0
$\begingroup$

Let $A,A'$ two affine subspaces of a finite Euclidean Vectorspace $V$. Let $p,p'$ two points, such that $d(A,p)=d(A',p')$. $\dim(A)=\dim(A')$

I would like to show that there exists a movement $\alpha:V->V$ such that $\alpha(A)=A'$ and $\alpha(p)=p'$

I only know, if $\alpha$ is a movement, then the following properties hold:

(1) $d(\alpha(v),\alpha(w))=d(v,w)$

(2) $\alpha$ is affine

(3) $\alpha$ affine and for a basis $a_1,..,a_n$ it holds that $d(\alpha(a_i),\alpha(a_j))=d(a_i,a_j)$

How can I use this to prove the statement above ?

  • 0
    yes,$d$is the euclidean2012-12-02

1 Answers 1

0

Affine functions are just compostions of translations and linear transformations. So you may just adhere some translations to an orthogonal transformation to achieve your goal.

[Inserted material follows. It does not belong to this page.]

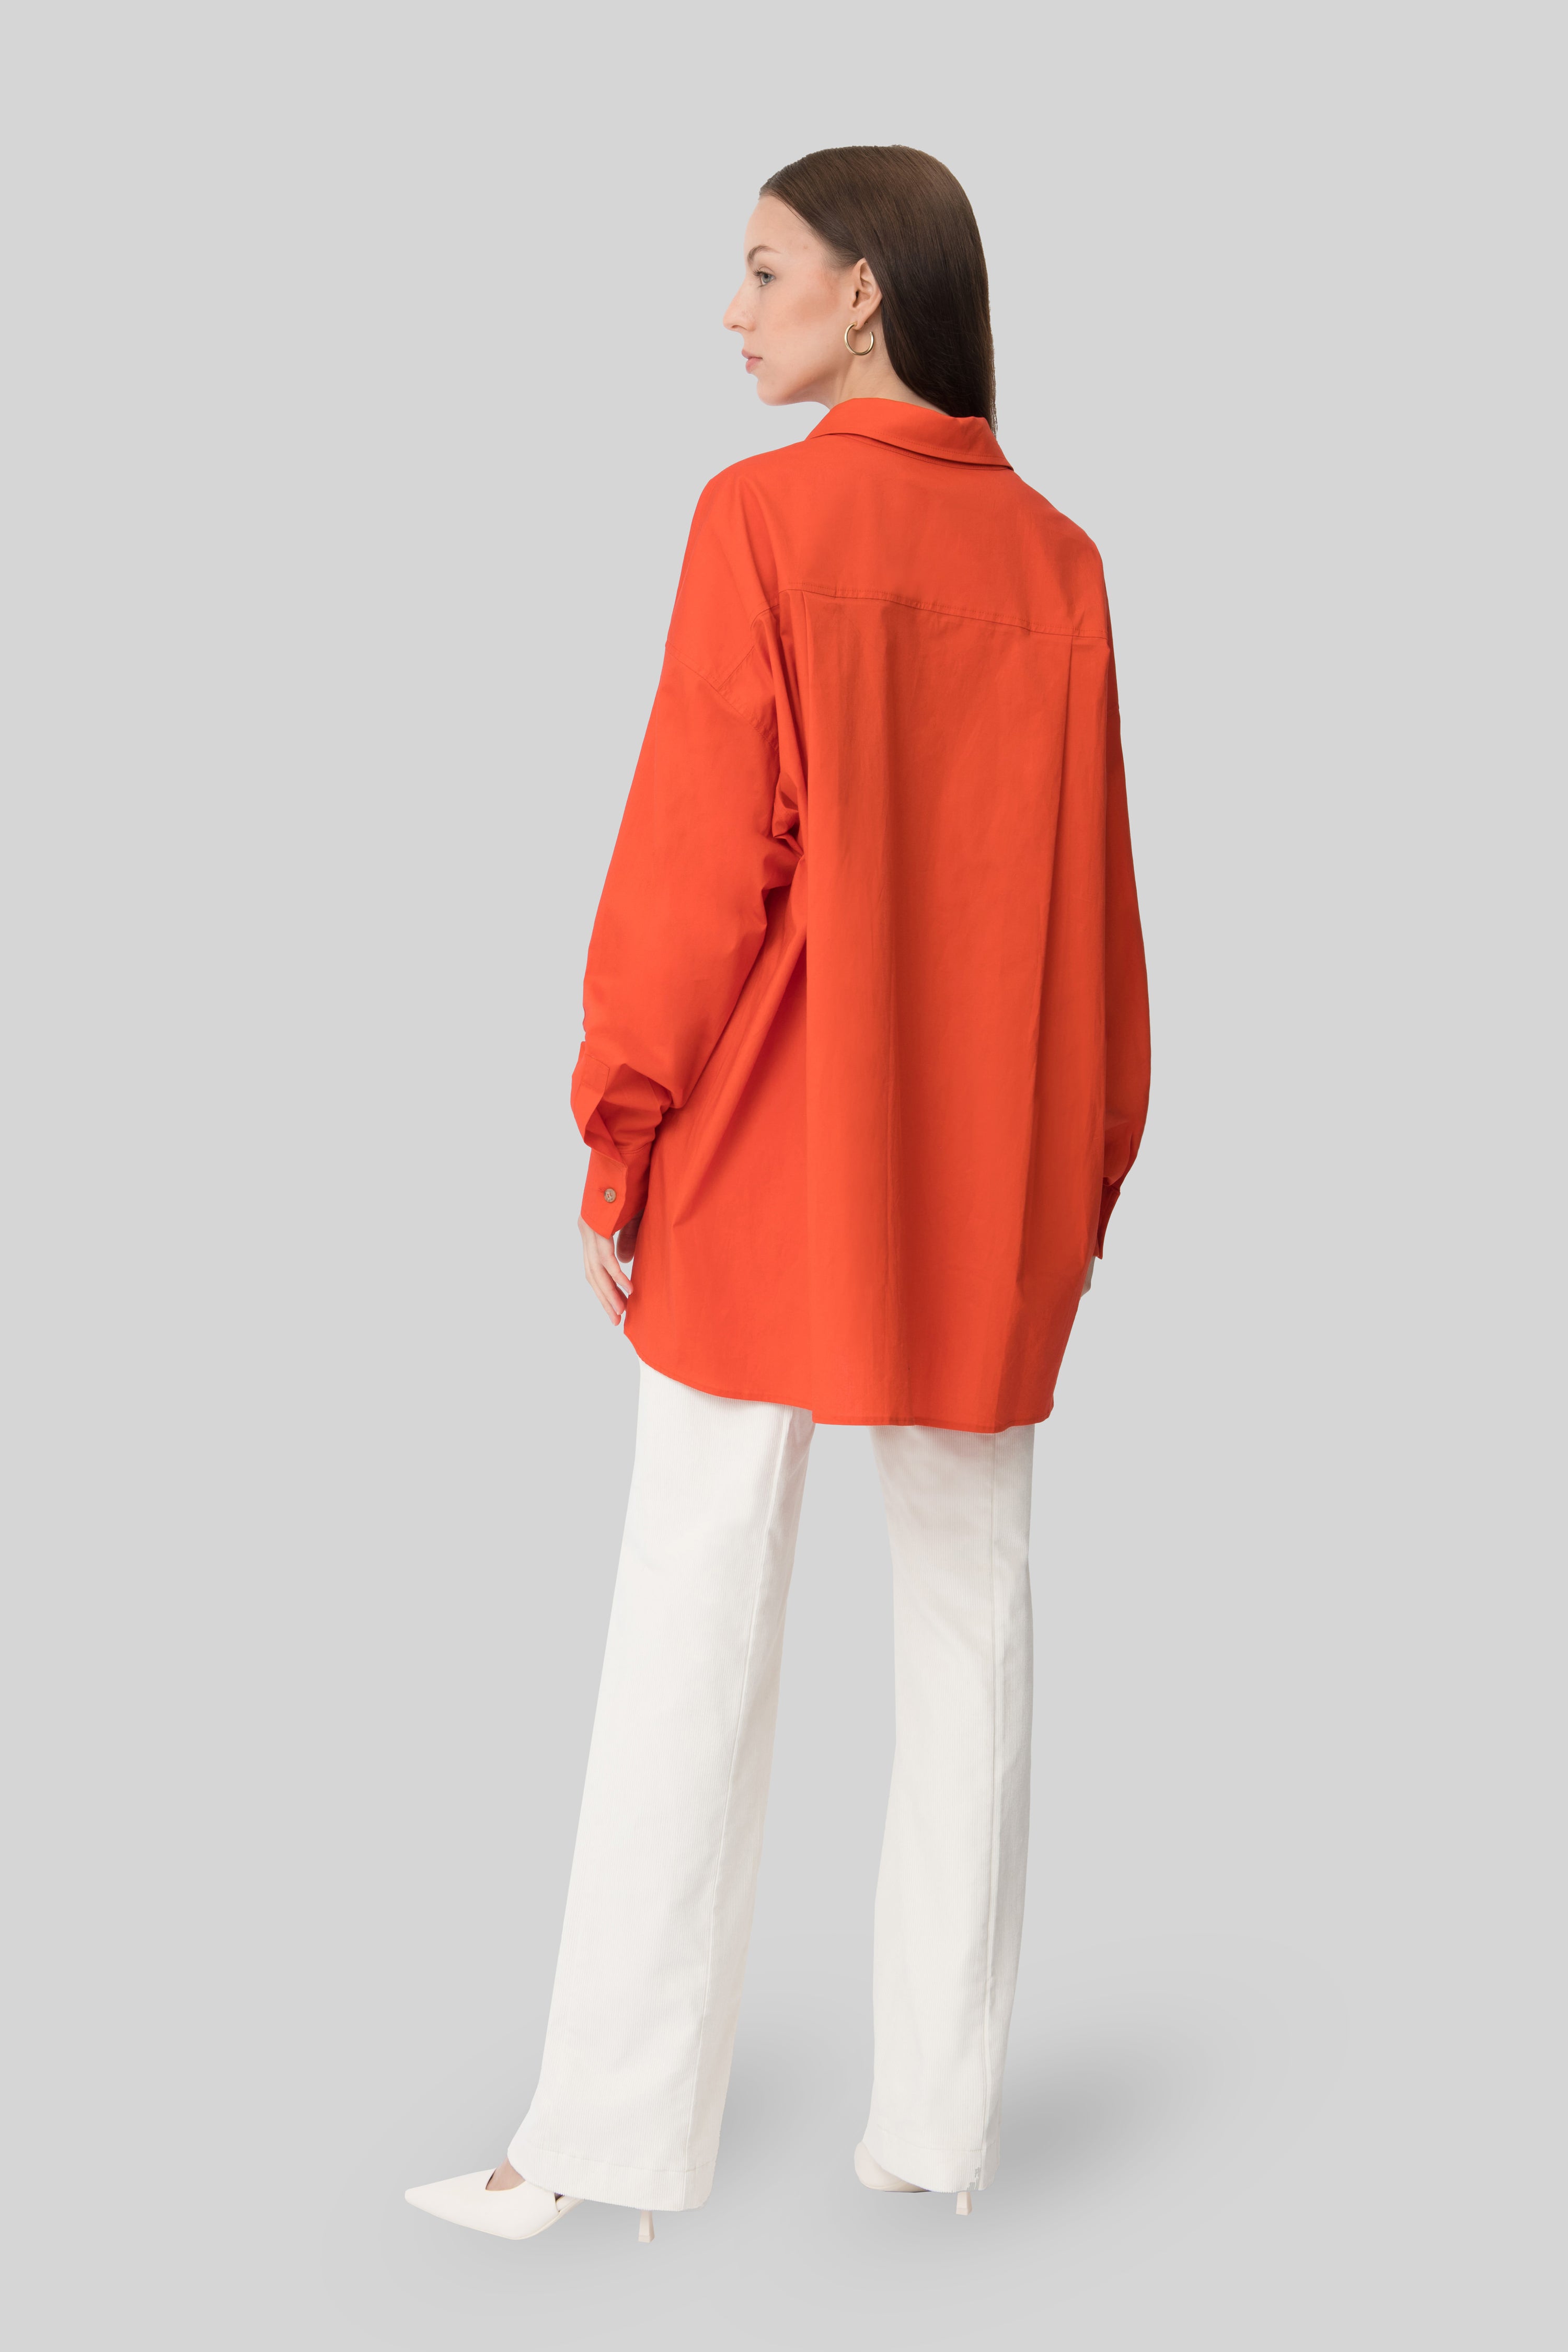 The Orange Oversize Cotton Shirt

Specifically, take an orthonormal basis $\{u_1,\ldots,u_m\}\ (m=\dim A)$ of $A$ and an orthonormal basis $\{v_1,\ldots,v_m\}$ of $A'$. Complete them to two orthonormal bases $\{u_1,\ldots,u_n\}\ (n=\dim V)$ and $\{v_1,\ldots,v_n\}$ of $V$. For any $x\in V$, define $\alpha(x) = p' + \sum_i \lambda_iv_i$ whenever $x-p=\sum_i \lambda_iu_i$. Now you are done.